Some isoenzymes can pick up the slack for the inhibited isoenzyme
What are inhibitors of CYP450
Cimetidine Ciprofloxacin (and other related ABs) Fluoxetine (and other SSRIs) Erythromycin (and related ABs) Ritonavir (and other HIV drugs) Ketonazole Grapefruit juice
What are inducers of CYP450
Rifampicin Phenobarbitone Carbamezepine Phenytoin St John's wort (hypericin)
What are good drug elimination reactions?

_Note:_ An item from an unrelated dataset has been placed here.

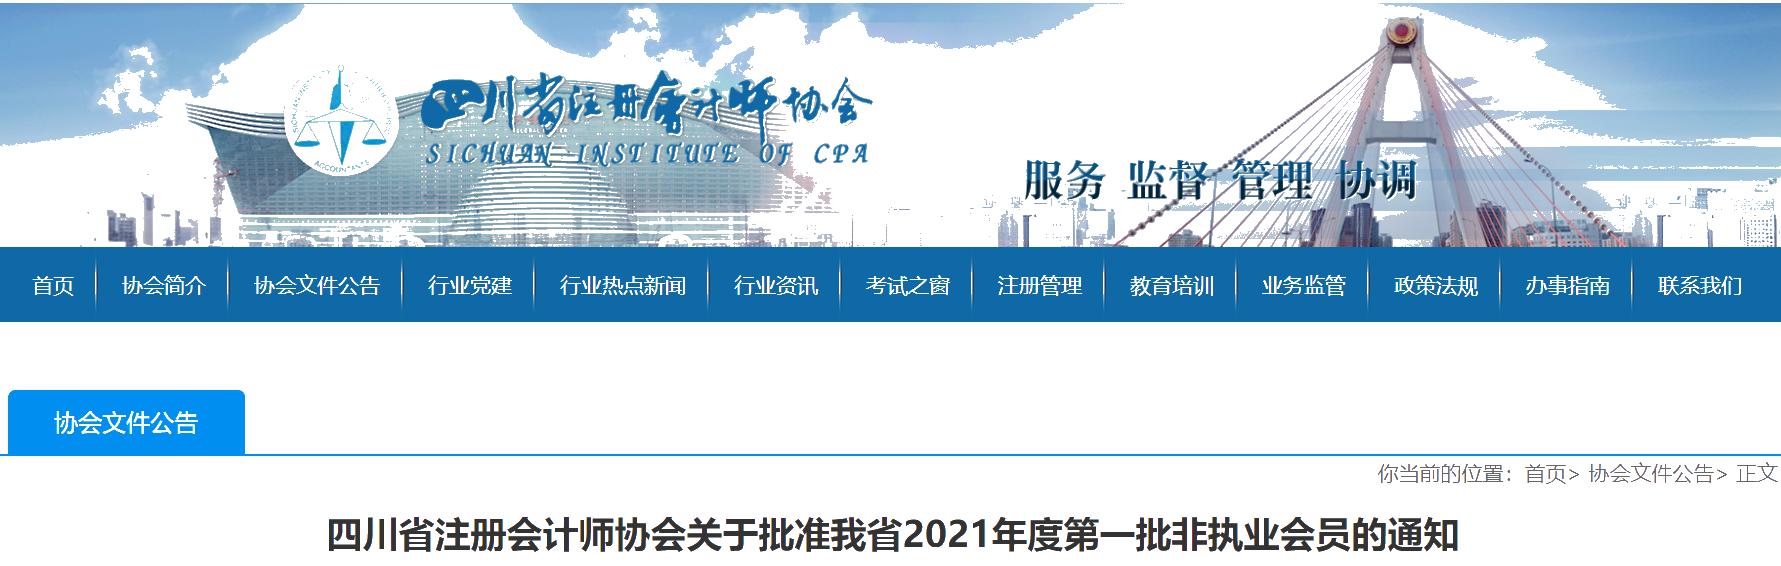 四川注协关于批准2021年度第一批非执业会员的通知

Probenecid and penecillin where probenecid reduces excretion of penecillin and penecillin used to be expensive
What is a bad drug elimination reaction
Lithium and thiazides where thiazides lead to toxic accumulation of lithium
Where do drug elimination reactions almost always occur
In renal tubes
What are examples of deliberate drug elimination reactions
- Levodopa + carbidopa can use lower doses of levodopa as carbidopa reduced peripheral metabolism.
- ACEi + thiazides treat HF.
- Penicillin’s + gentamycin treat severe staph. Infections.
- Salbutamol + ipratropium beta-agonists and anti-muscarinics used in inhalers to treat asthma.